В кабачке в этот момент никого не было. Принеся мёд, уже, к слову, разлитый по кубкам, карлик удалился. В низком и темном зале видны были лишь незанятые скамейки, тускло мерцавшие оловянные горшки, лисий профиль Симона Маленгра и волчий профиль Ланселота Бигорна.
– Дело такое, – промолвил Симон Маленгр, понижая голос. – Хочешь разбогатеть?
– Гм!.. Да я и так уже богат!
– Как это? Ты меня удивляешь, Бигорн!
– Разумеется, у меня ничего нет. Но все то, что заслуживает чести быть взятым, принадлежит мне. Вечерком, когда мой кошелек пуст, мне стоит лишь прогуляться по некоторым кварталам, куда захаживают богатенькие буржуа, и я возвращаюсь уже с полной мошной. Это и есть богатство, неисчерпаемое богатство, и мне даже нет нужды опасаться грабителей…

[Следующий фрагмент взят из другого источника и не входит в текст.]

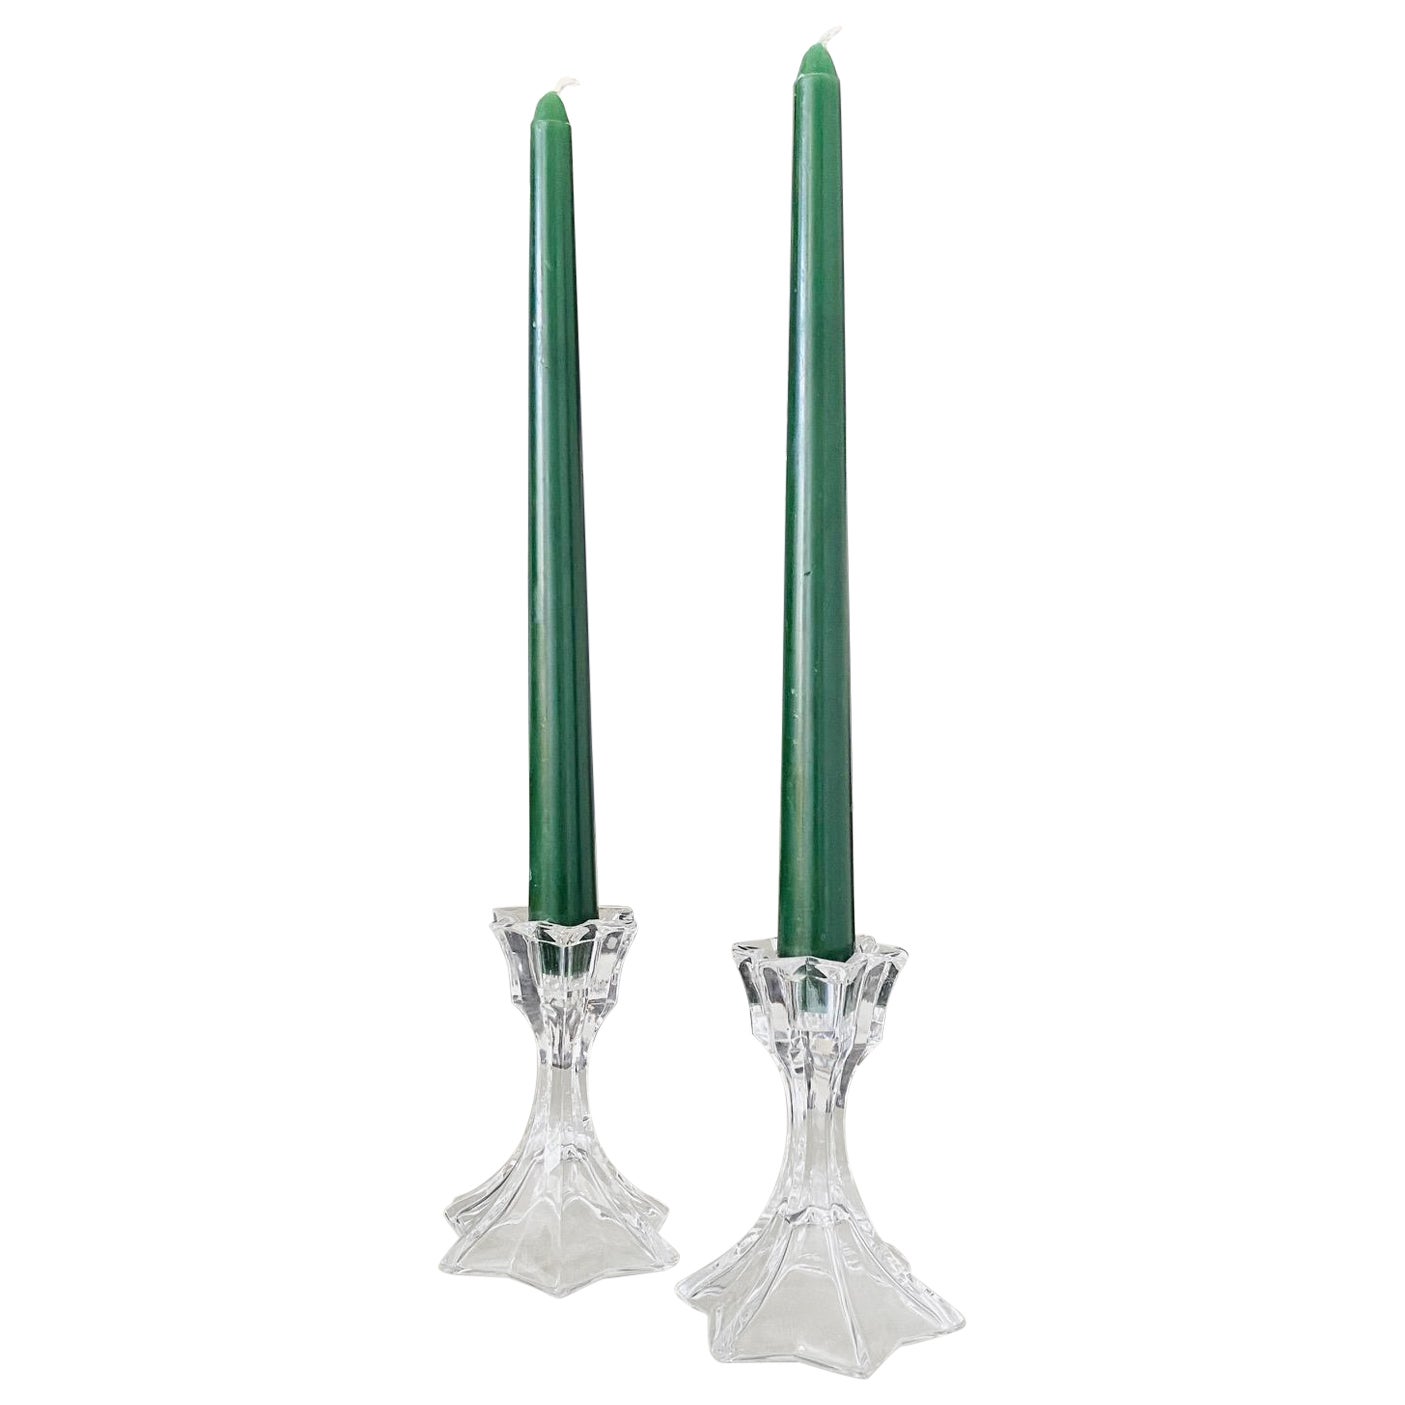 Pair of Mid-Century Modern Faceted Crystal Candleholders, 1970s

– Так-то оно так, – заметил Маленгр, – но ты теряешь душу, а ведь она тоже кое-что да значит!
– Я ее не теряю, напротив: с каждым новым грабежом моя часть рая лишь увеличивается.
– Как это? – вновь удивился Маленгр.
– А так, что половину добытого я отдаю кюре из Сент-Эсташа, а кюре из Сент-Эсташа преобразует ее в службы. Представь только, сколько месс он уже отслужил во спасение моей души! Стало быть, чтобы сейчас ни случилось, что бы я ни сотворил, мне будет нелегко не попасть в рай, даже если бы я и предпочел ад…
– Согласен. Но это все касается твоей души. А твое тело, Бигорн? О нем ведь тоже забывать не стоит. Сам подумай: каждую секунду ты рискуешь получить тумаков, нарваться на какого-нибудь строптивого буржуа, коих, к несчастью, сейчас встречается все больше и больше. А судя по тому состоянию, в котором я тебя вижу – поредевшей бородке, окровавленному уху, ошметкам одежды, – вчера ты как пить дать наткнулся на взбесившихся овечек, не пожелавших расставаться со своей шерстью.